No podía imaginar, cuando nos hicieron aquella fotografía que, varios años después, yo la miraría de frente durante horas y sentiría que la mirada de esos ojos tan llenos de vida intentarían decirme algo. La miro desde todos los ángulos y esos ojos siempre me miran, no importa dónde esté. Con la expresión alegre y serena. En las tardes de melancolía, que son casi todas, abro el ordenador y la contemplo, en un intento de alargar las horas felices.
¡Qué bien estábamos entonces! antes de que la crueldad del destino nos separara para siempre, llevándote a ti quién sabe a dónde, y dejándome caer a mi al fondo del abismo, igual que si hubiera saltado al precipicio. Y, como una pluma que se tambalea mecida por el viento y cae lentamente, igual me voy desmoronando y cayendo, arrastrada por los vientos de la rutina y las horas sin sentido.
Pero miro esa foto, la que nos hicimos cuando ni sospechábamos lo que nos tenía guardado el destino, y me digo a mi misma que no te gustaría verme cayendo a un pozo sin fondo, y me animas a levantarme, aunque hay días que a duras penas me tengo en pie. Y con gran esfuerzo me levanto y me obligo a caminar y a seguir hacia delante. Aunque ya no es lo mismo, cuando callejeo, los paseos saben amargos y los paisajes se ven tristes, tanto como una tarde de tormenta. Y mi corazón va parando los rayos, que entran por mis sentidos y buscan sitio para seguir su rumbo, igual que yo busco el mío.
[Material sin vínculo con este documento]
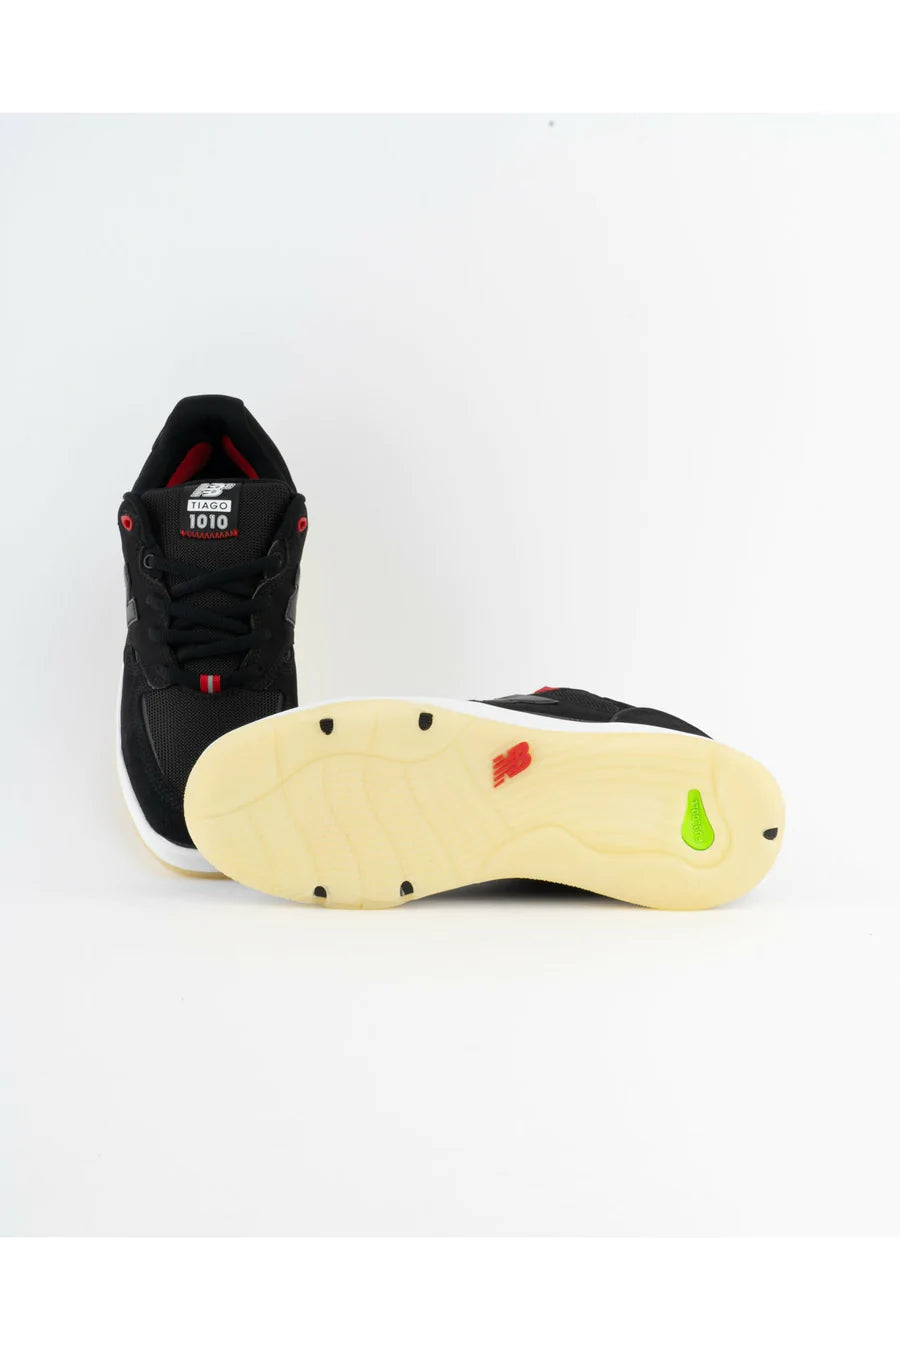 New Balance NM 1010 Skate Shoes - Black

Y cuando por la noche miro la luna, igual que la mirábamos juntos, las lágrimas se escapan de mis ojos
y resbalan por mis mejillas frías, porque miro a mi lado, donde solías colocarte, y no te encuentro, ni tu mano reposa sobre mi hombro, ni me abrazas, ni me besas, ni te veo mirando las estrellas.
Entonces recuerdo aquella fotografía, la que no deja de mirarme y sueño. Sueño que sigues a mi lado, que me miras, que me sientes, que me hablas, que sigues acurrucándote junto a mi, dándome la fuerza que necesito para seguir mi camino.